Fig. 1 is the clustering method main flow schematic diagram of the present invention.

Embodiment

With reference to specific embodiment, the present invention is described further, but protection scope of the present invention is not limited in This：

Embodiment：As shown in figure 1, the distributed parallel text cluster side based on MapReduce under a kind of cloud computing environment Method, comprises the following steps：

Define 1 and represent text feature using vector space model：Given text collection D={ d₁,d₂,…,d_i,…,d_N, d_i Each text vector is represented, d is represented by using vector space model_i=(＜ t₁,w_i1＞, ＜ t₂,w_i2＞ ..., ＜ t_j,w_ij ＞ ..., ＜ t_m,w_im＞).Wherein：T={ t₁,t₂,…,t_j,…,t_mRepresent all features that all texts are included in text set The set of word, W_i={ w_i1,w_i2,…,w_ij,…,w_imRepresent text d_iThe corresponding weight vectors on all Feature Words, are used TF-IDF computational methods：

In formula, tf_ijRefer to Feature Words t_jIn text d_iThe frequency of middle appearance, n_ijFor text d_iMiddle Feature Words t_jThe number of times of appearance, n_iFor text d_iThe sum that all Feature Words contained occur；idf_jRefer to Feature Words t_jReverse document frequency in whole text set Rate, for weighing the appearance scope of Feature Words, N is total amount of text, N in text collection_jRepresent to contain Feature Words t_jNot identical text This quantity.Obviously, the frequency that some Feature Words occurs in specific document is higher, and this feature word is distinguishing text content category Ability in terms of property is stronger (TF)；The scope occurred in text set is wider, and the attribute that it distinguishes content of text is lower (IDF).

The definition for defining 2 text similarities is mainly as follows：Given text d_i,d_j, TA (d_i,d_j)={ t_a1,t_a2,..., t_at,...,t_ahRepresent d_i,d_jThe union of contained Feature Words, h is and concentrates the number of Feature Words；TS(d_i,d_j)={ t_s1, t_s2,...,t_sk,...,t_slRepresent d_i,d_jThe common factor of contained Feature Words, l is the number of Feature Words in occuring simultaneously.Text d_i,d_j Each Feature Words t in TS_skOn similarity sim (d_i,d_j,t_sk) be defined as

Text d_i,d_jSimilarity SIM (d_i,d_j) be defined as

That is the number for all Feature Words that similarity sum of two texts on all common trait words is included with two texts The ratio between.Formula (3) and classical cosine similarity (W_i·W_j/(|W_i|*|W_j|)) computational methods compare, all first with two The molecule of the common trait word calculation formula that text is included, secondly denominator term make use of in addition to common trait remaining Respective this paper Feature Words.Unlike, formula (3) proposed by the present invention has been precisely calculated the phase of each common trait word respectively Overall similarity is directly calculated by inner product of vectors like degree, rather than in included angle cosine.

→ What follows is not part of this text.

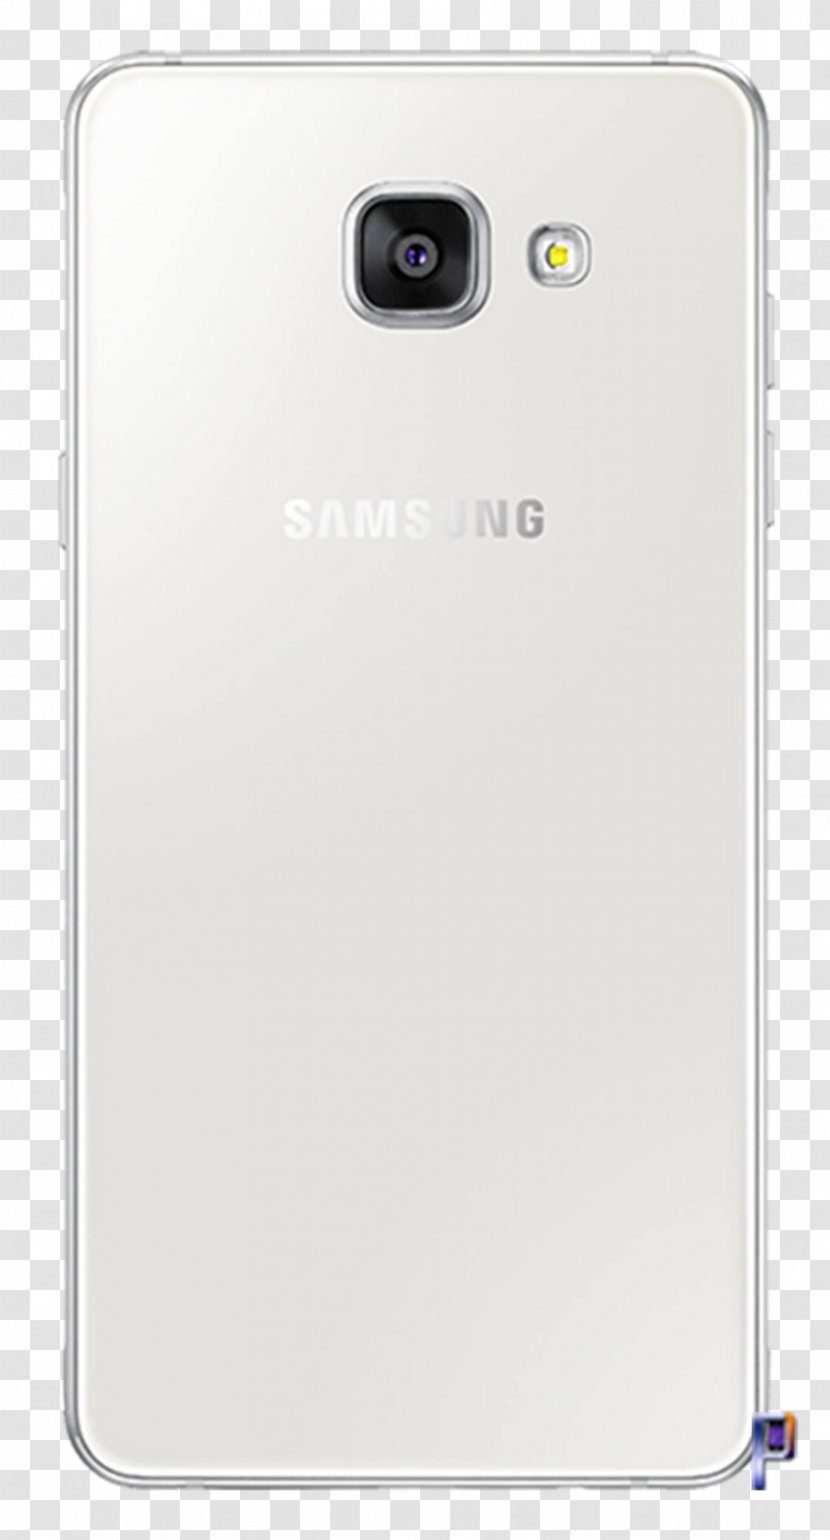 Smartphone Samsung Galaxy A5 (2017) Android - Megapixel Transparent PNG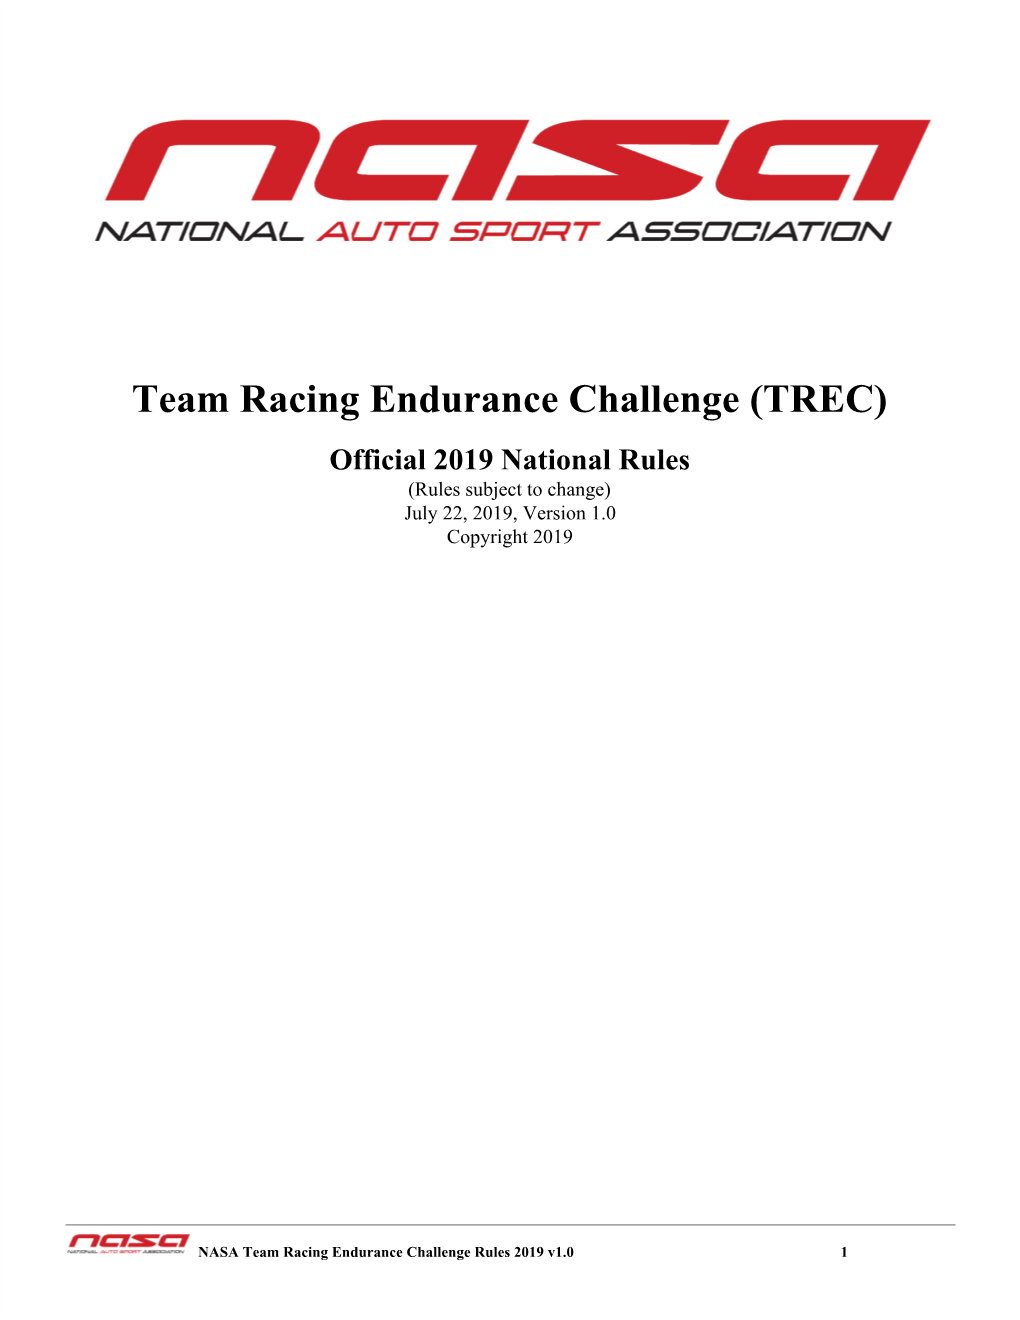 TREC) Official 2019 National Rules (Rules Subject to Change) July 22, 2019, Version 1.0 Copyright 2019

Define 3 text cluster similarities square：Including n_CThe text cluster of individual textCluster Similarity side MS (C) is defined as the average of all texts and cluster barycenter similarity square：

Wherein, d_eFor cluster barycenter Text eigenvector, i.e. d_e=(＜ t₁,w_e1＞, ＜ t₂,w_e2＞ ..., ＜ t_j,w_ej ＞ ..., ＜ t_m,w_em＞),

In an embodiment of the present invention, two points of original K-means methods utilize K- after selecting a cluster to enter line splitting Means thoughts randomly select initial cluster center and carry out two segregation classes and successive ignition searching optimal dividing.Wherein cluster " each other most Small similarity text to " refer to text cluster" each other minimum similarity degree text to " it is fixed Adopted two text d to meet following condition in cluster C_i, d_j：

The present invention proposes to determine initial two sub-clusterings center according to " each other minimum similarity degree text to " of search cluster, it is clear that one It may contain in individual text cluster more than " each other minimum similarity degree text to " for meeting formula (6) for a pair.Therefore, the " mutual of cluster is provided For minimum similarity degree text " search greedy algorithm it is as follows.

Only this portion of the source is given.